Provided data.
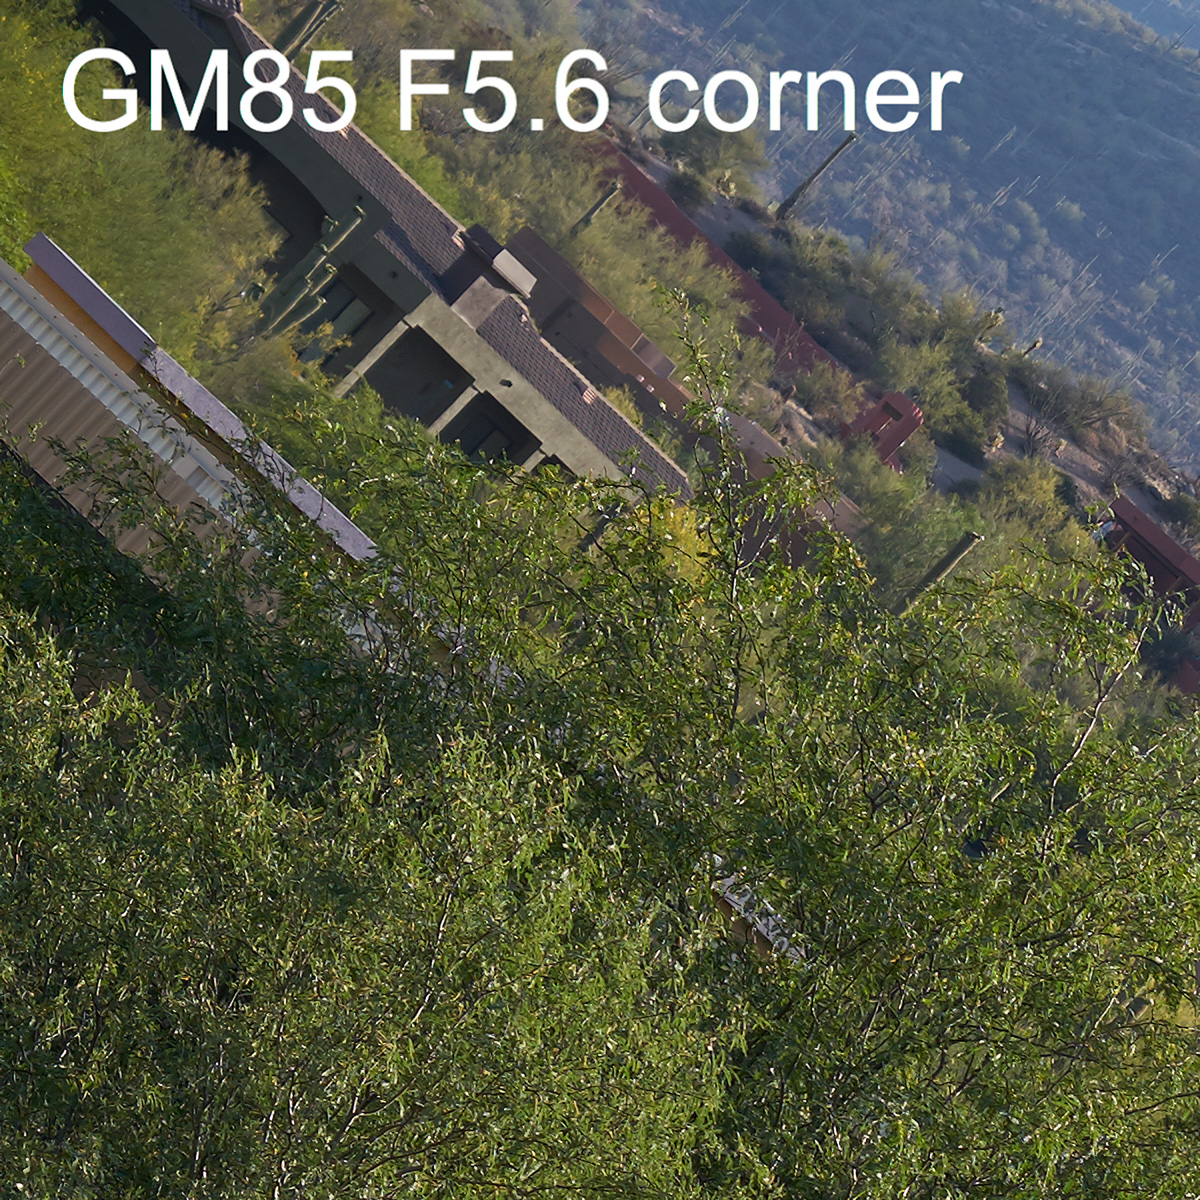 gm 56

...

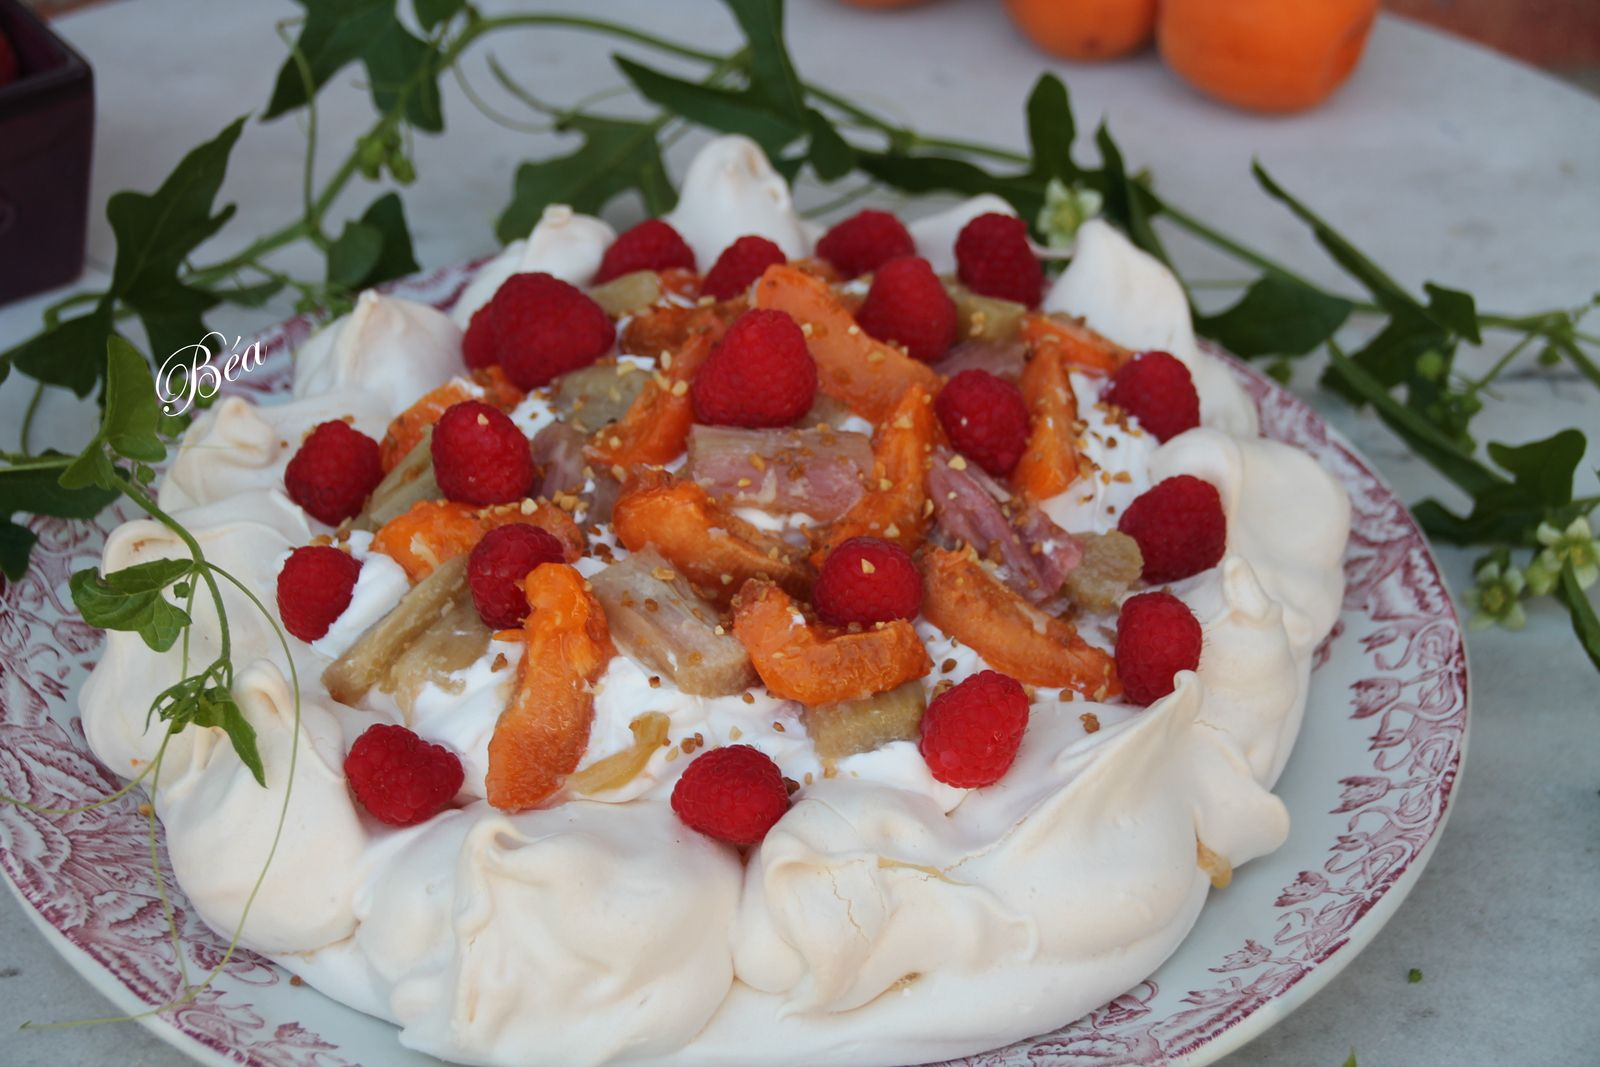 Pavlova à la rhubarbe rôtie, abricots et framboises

==

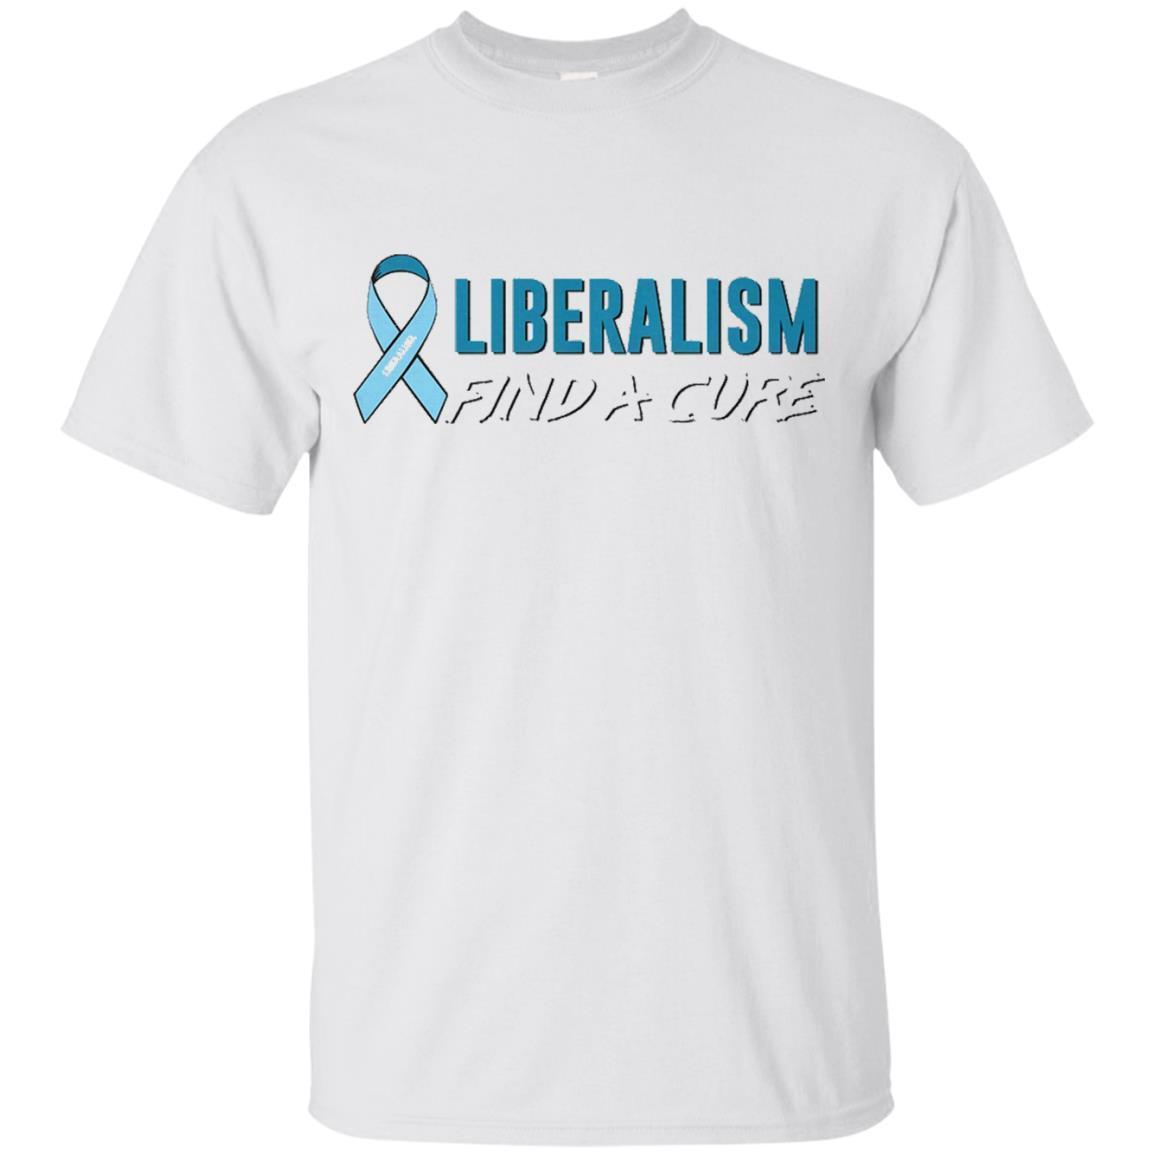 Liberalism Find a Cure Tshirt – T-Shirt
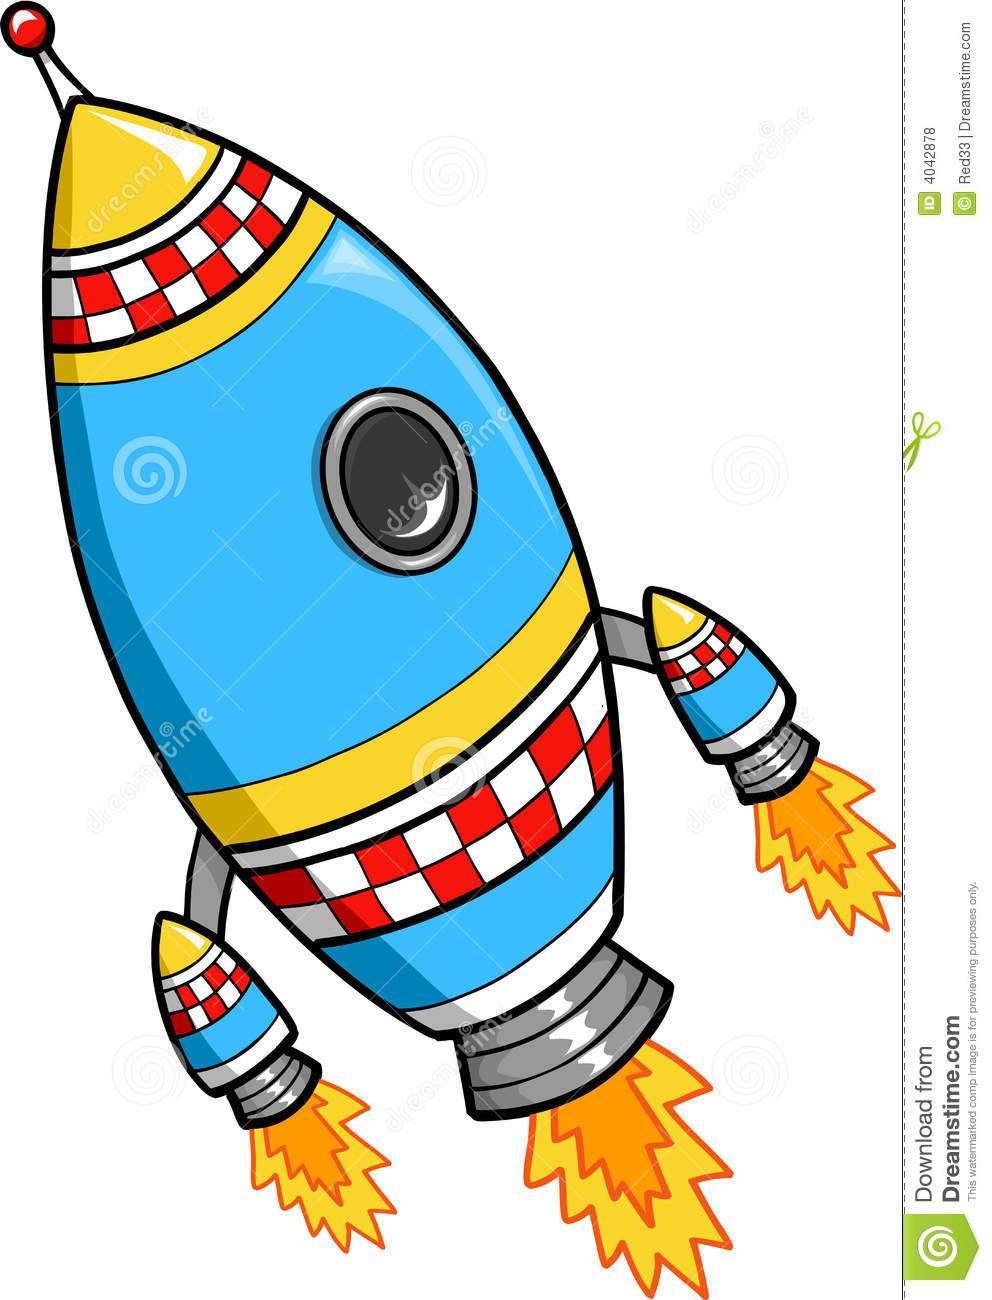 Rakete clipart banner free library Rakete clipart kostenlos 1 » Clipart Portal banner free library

Goal of the exercise. Write back the stretch of lines above that begins with the line holding "Liberalism Find a Cure Tshirt – T-Shirt" and ends with the line holding "Rakete clipart banner", both included, exactly as written. Pictures stay out.

Written reply.
 Liberalism Find a Cure Tshirt – T-Shirt
 Rakete clipart banner free library Rakete clipart kostenlos 1 » Clipart Portal banner free library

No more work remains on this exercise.